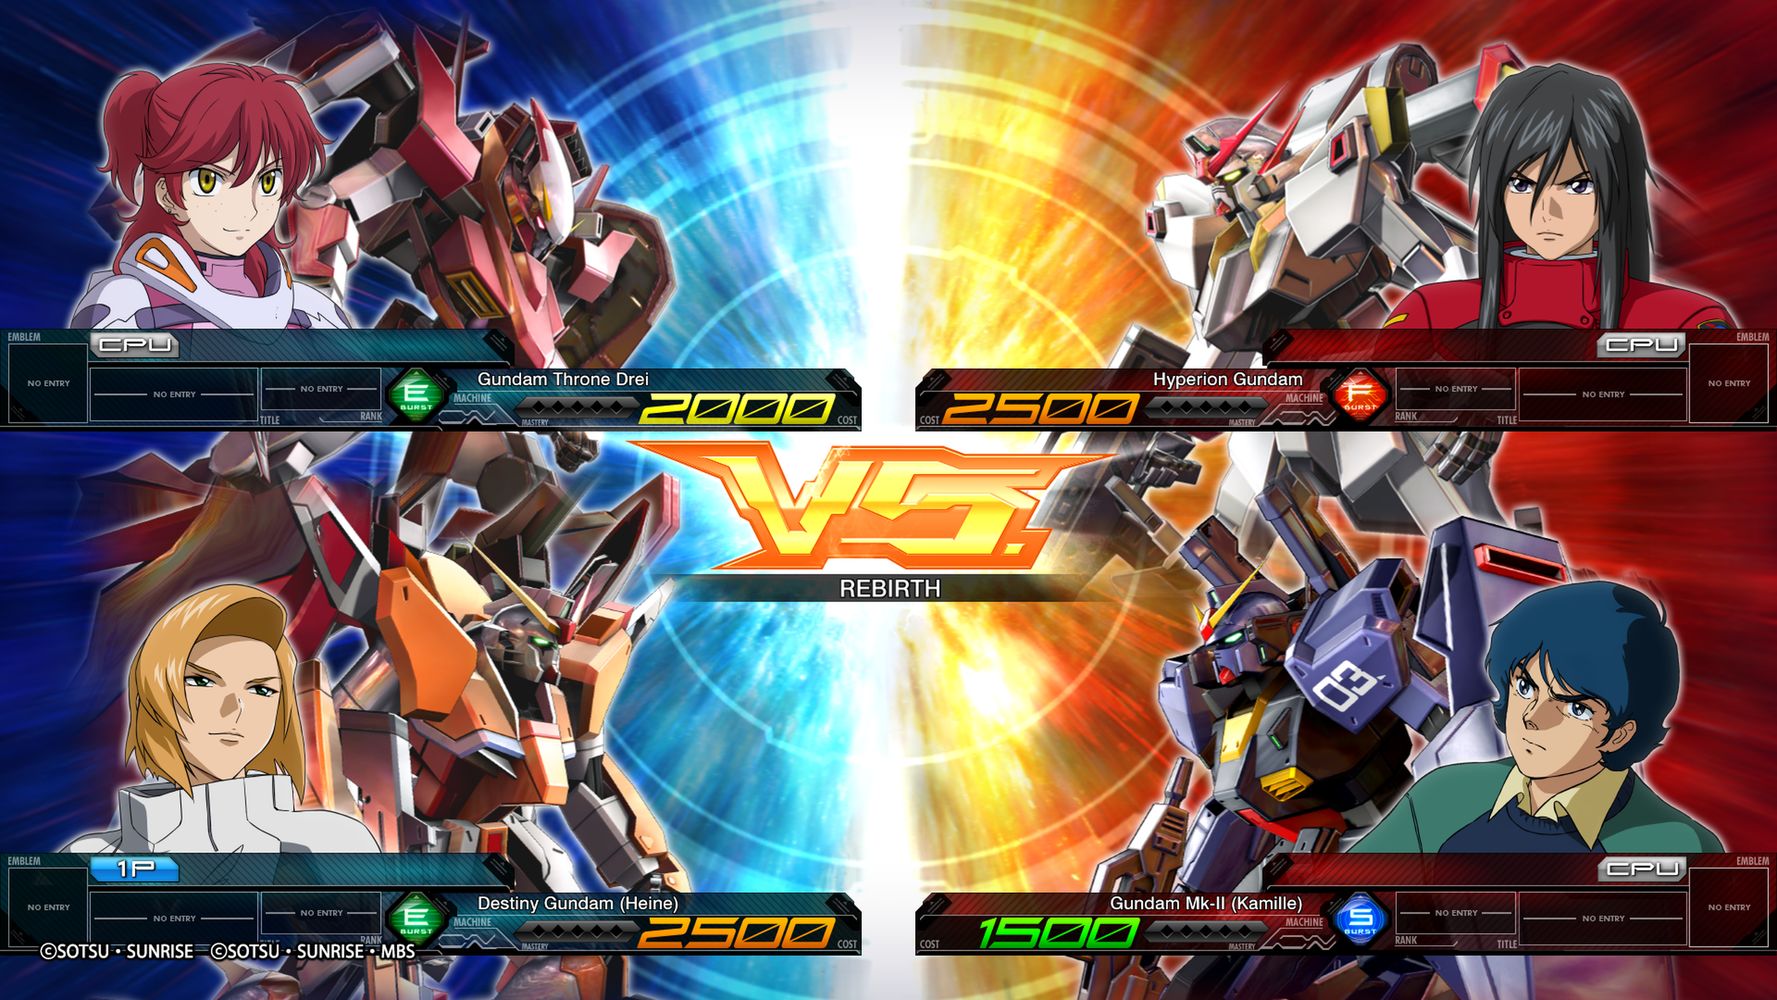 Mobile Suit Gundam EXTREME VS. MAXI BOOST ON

* * *

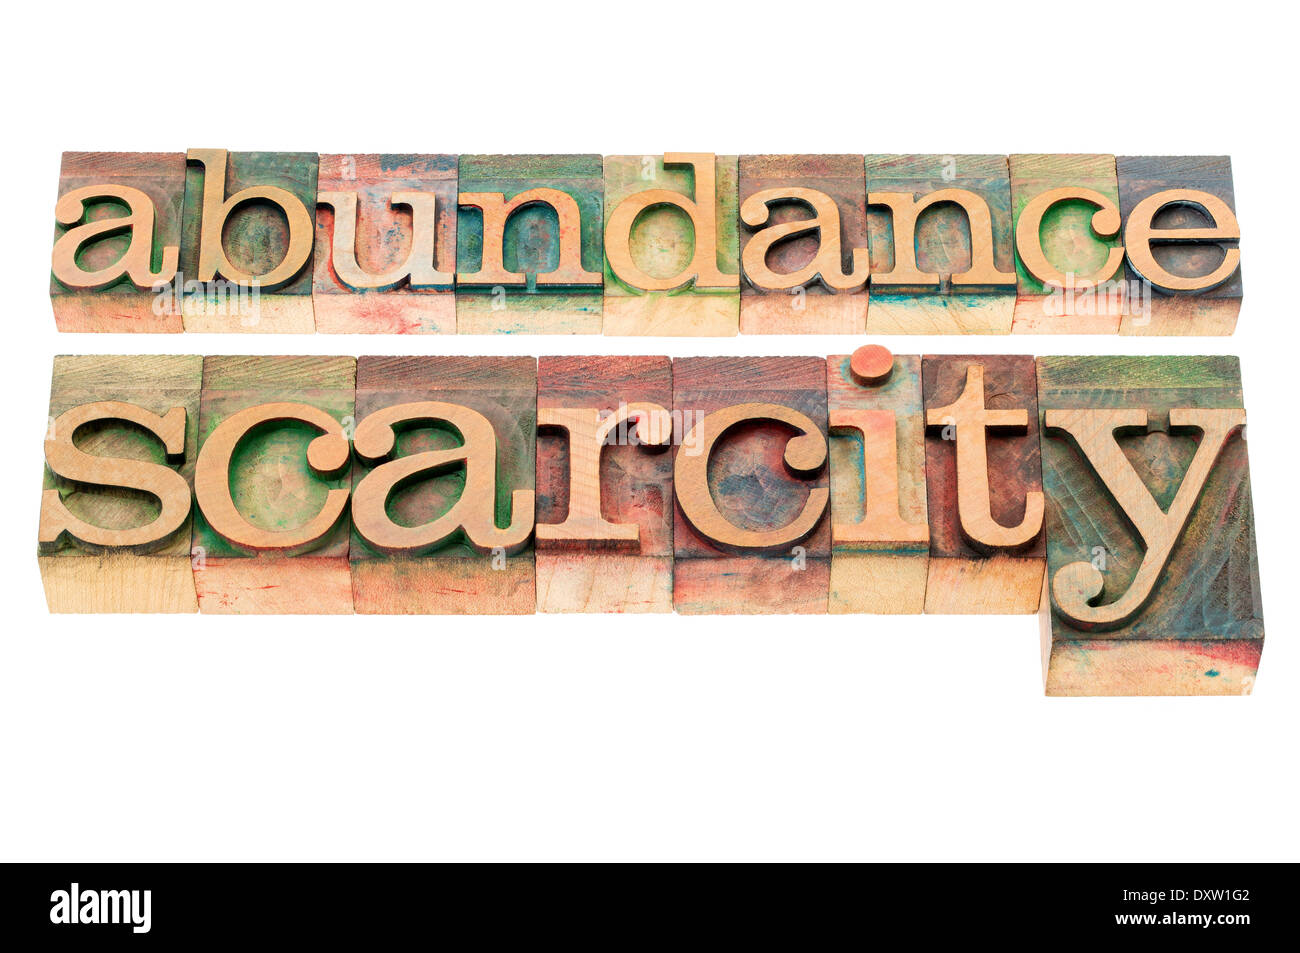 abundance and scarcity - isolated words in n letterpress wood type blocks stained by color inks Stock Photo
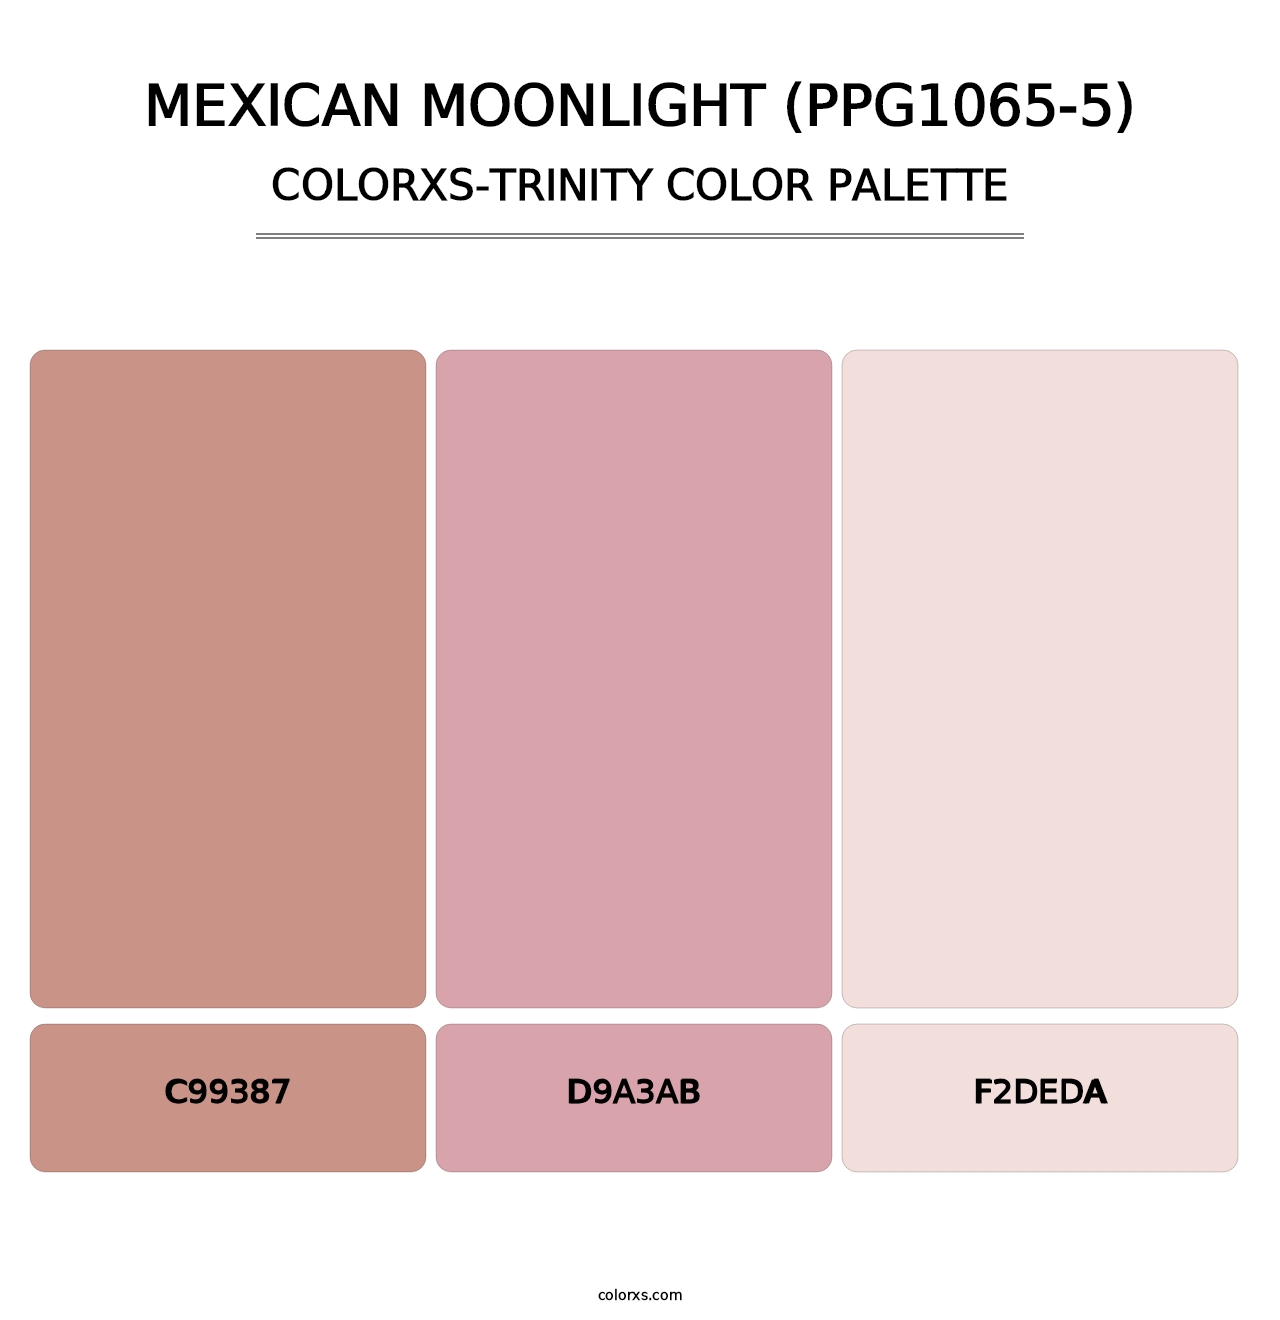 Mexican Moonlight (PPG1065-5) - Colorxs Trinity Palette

» Your instructions
Look above for the line holding "abundance and scarcity" and output everything from it down to the line holding "Mexican Moonlight (PPG1065-5)", both ends included, exactly and without images.

» Exercise output
 abundance and scarcity - isolated words in n letterpress wood type blocks stained by color inks Stock Photo
 Mexican Moonlight (PPG1065-5) - Colorxs Trinity Palette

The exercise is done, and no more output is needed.